Fuel prices impacting smaller waste management districts in northern Arkansas

BERRYVILLE, Ark. (KY3) – With rapidly increasing fuel prices, the Carroll County Solid Waste District (CCSW) says it is drastically exceeding its monthly fuel budget.

In April, the waste management provider exceeded the monthly fuel budget by over $10,000. CCSW works with cities to implement a fuel surcharge dependent on monthly fuel expenses. It either becomes the city’s burden through a surcharge or the district would be forced to issue rate increases to customers.

“The last time the prices were up around this was around 2008, 2009, 2010,” said George Boatright, CCSW executive director. “The price of fuel is hurting us right now. With the price of fuel, we’re paying about $4.61/gallon.”

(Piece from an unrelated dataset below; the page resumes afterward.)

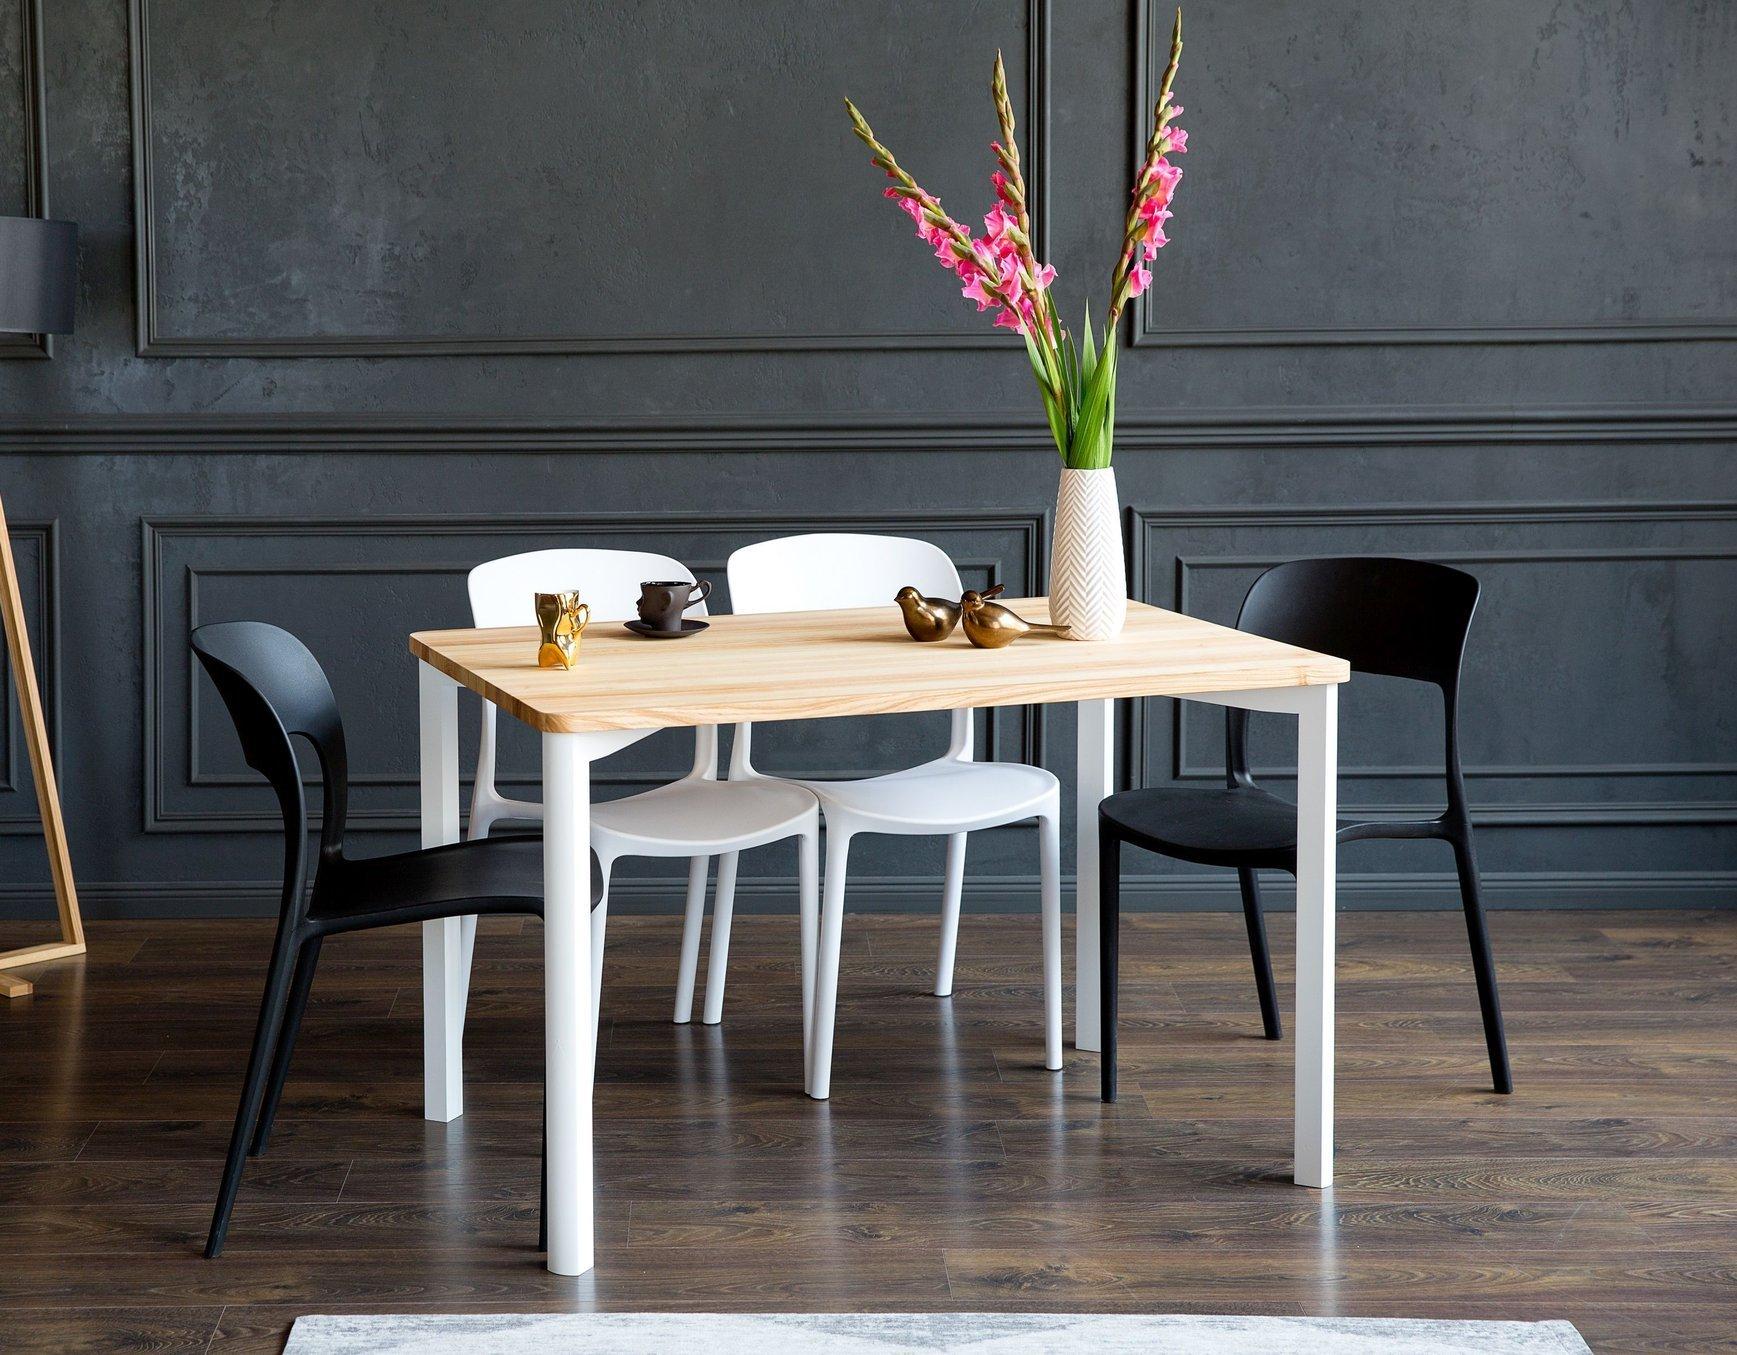 Sensational Triventi Ashwood Dining Table 120X80Cm White Round Legs Download Free Architecture Designs Rallybritishbridgeorg
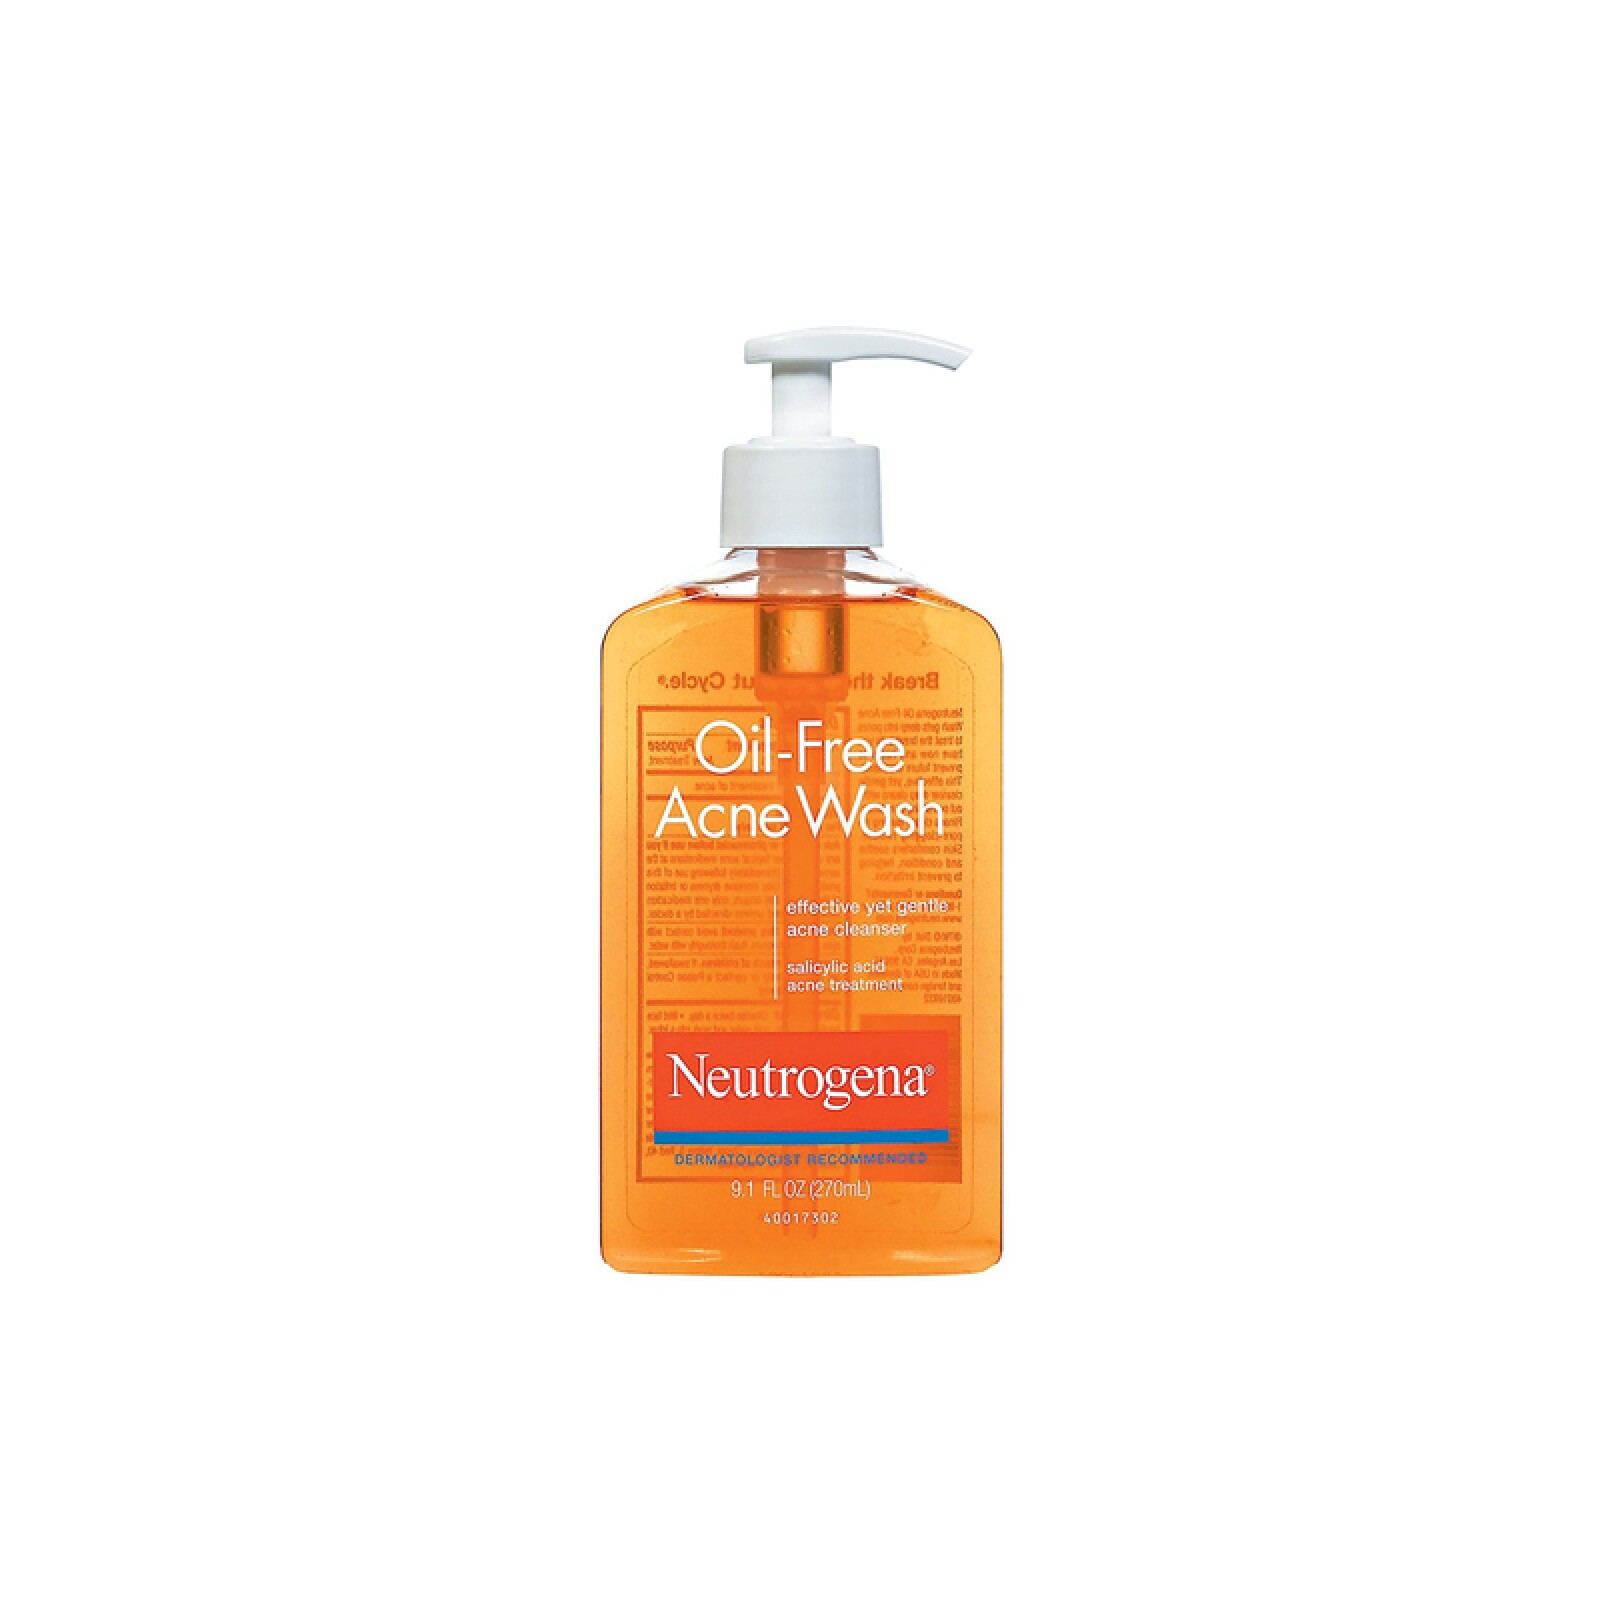 limpiador-cleanser-accesible-barato-skincare-limpieza-neutrogena

Data released Wednesday by the Bureau of Labor Statistics show inflation may slow. Prices rose 8.3 percent in April compared with a year ago and 0.3 percent in March.

”It’s been a challenge, and we’ve been able to handle everything except the price of fuel,” said Berryville Mayor and CCSW Chairman Tim McKinney. ”We want to provide quality solid waste and recycling services at a reasonable price. So what this surcharge does is keeps us where we’re at and allows us to maintain the level of service we want to provide our customers.”

With current fuel prices, CCSW anticipates the average customer seeing about 60 cent increase in their bill.

”Well, I can understand why they’re doing it with our economy and gas prices,” said Sheila Taylor, who lives in the county. “But being on disability and a fixed income, I’d rather not have the extra surcharge.“

Taylor says you have no choice but to pay or expect “the garbage to pile up and cause more problems.”

”We’re a non-profit, but we need to keep up with the equipment and raises for the employees,” said Boatright. “But we do everything we can to keep our costs as low as possible.“

Once in effect, CCWS officials believe the surcharge is likely to stay.

”In the past, we’ve tried to budget for it, and some years, I’ll admit we’ve probably made money because we’ve budgeted lower,” said McKinney. “But just the volatility of it, I think this is something that’s here to stay.”

CCWS anticipates the surcharge next month, barring any unforeseen issues.